Dispositioned defer-to-v1.6.0 during v1.5.4 Phase 3.6.8 (Quality Playbook/Reviews/v1.5.4_backlog.md Section E); sequenced by calibration cycles, not a fixed list:

Algorithmic / curation: B-4 (171-floor curation — cross-partition merging / recalibrated band), B-5 (disposition-table degeneracy — Pass A/C redesign), B-6 (A.3 resolver heuristic broadening), B-7 (partition-density → curation tuning), B-9 (detector-precision FP analysis / candidate-confidence scoring), B-10 (UC anchor threshold fixtures).
Architectural / hygiene: B-8 (pytest import architecture for the gate suite), B-11 (Phase 4 5-of-5 prose-to-code BUG consolidation — document or remove), B-12 (calibration-anchor refresh cadence in classify_project.py).
Cross-model / cross-version: B-2 (cross-model second backend, opus), B-3 (v1.4.5 cross-version cell).
Categorization tagging: B-13 (per-bug categorization tagging surface) — partially subsumed by v1.6.0's nfr_class work; reconcile.

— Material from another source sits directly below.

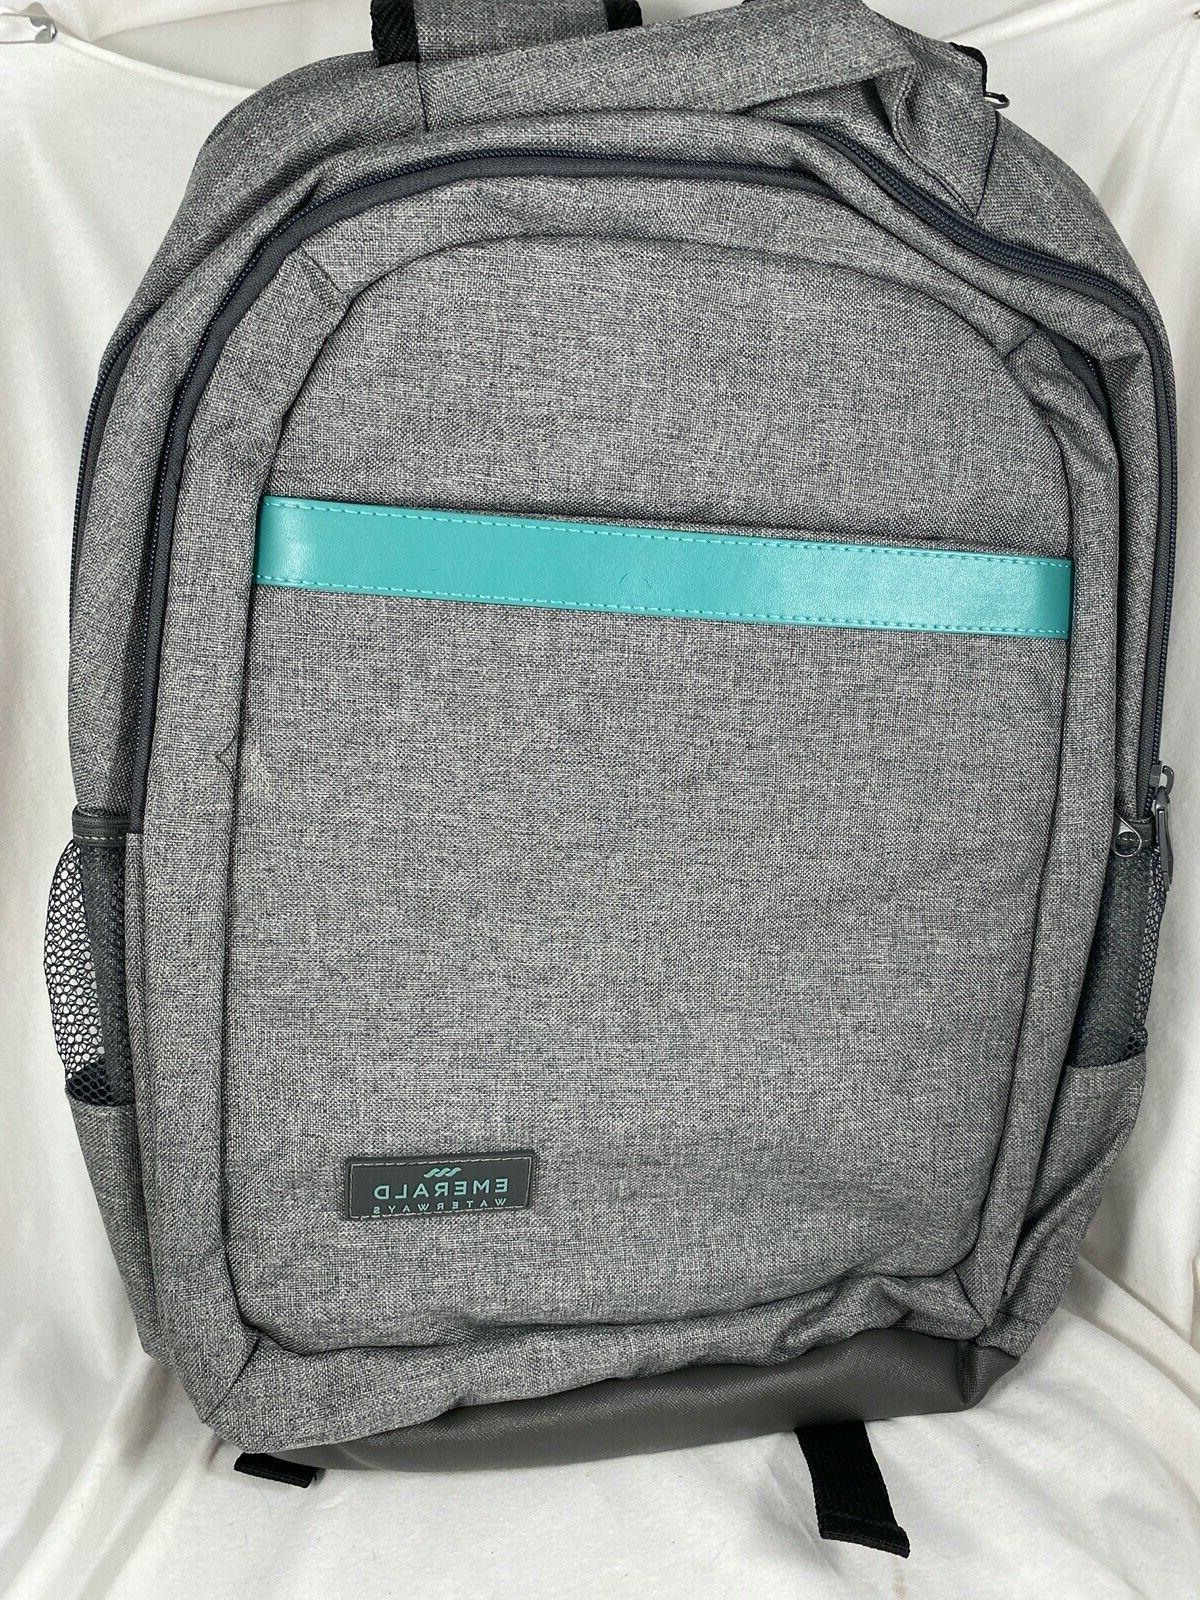 backpack rucksack waterways computer travel daypack carry

Documentation cadence: B-14 (formal orientation-doc release-cadence review + 18-persona TTP run).
Round-8 deferred MEDIUM/LOW: sentinel re-verification at phase boundaries; source-unchanged check on phase failure (not only exit_code==0); --strategy <X> bare-invocation escalation; _finalize_quality_layout partial-move logging; dead helper _runs_exclude_ignore deletion; Phase 6 hardcoded results/ read comment; AGENTS.md preservation-warning via lib.log.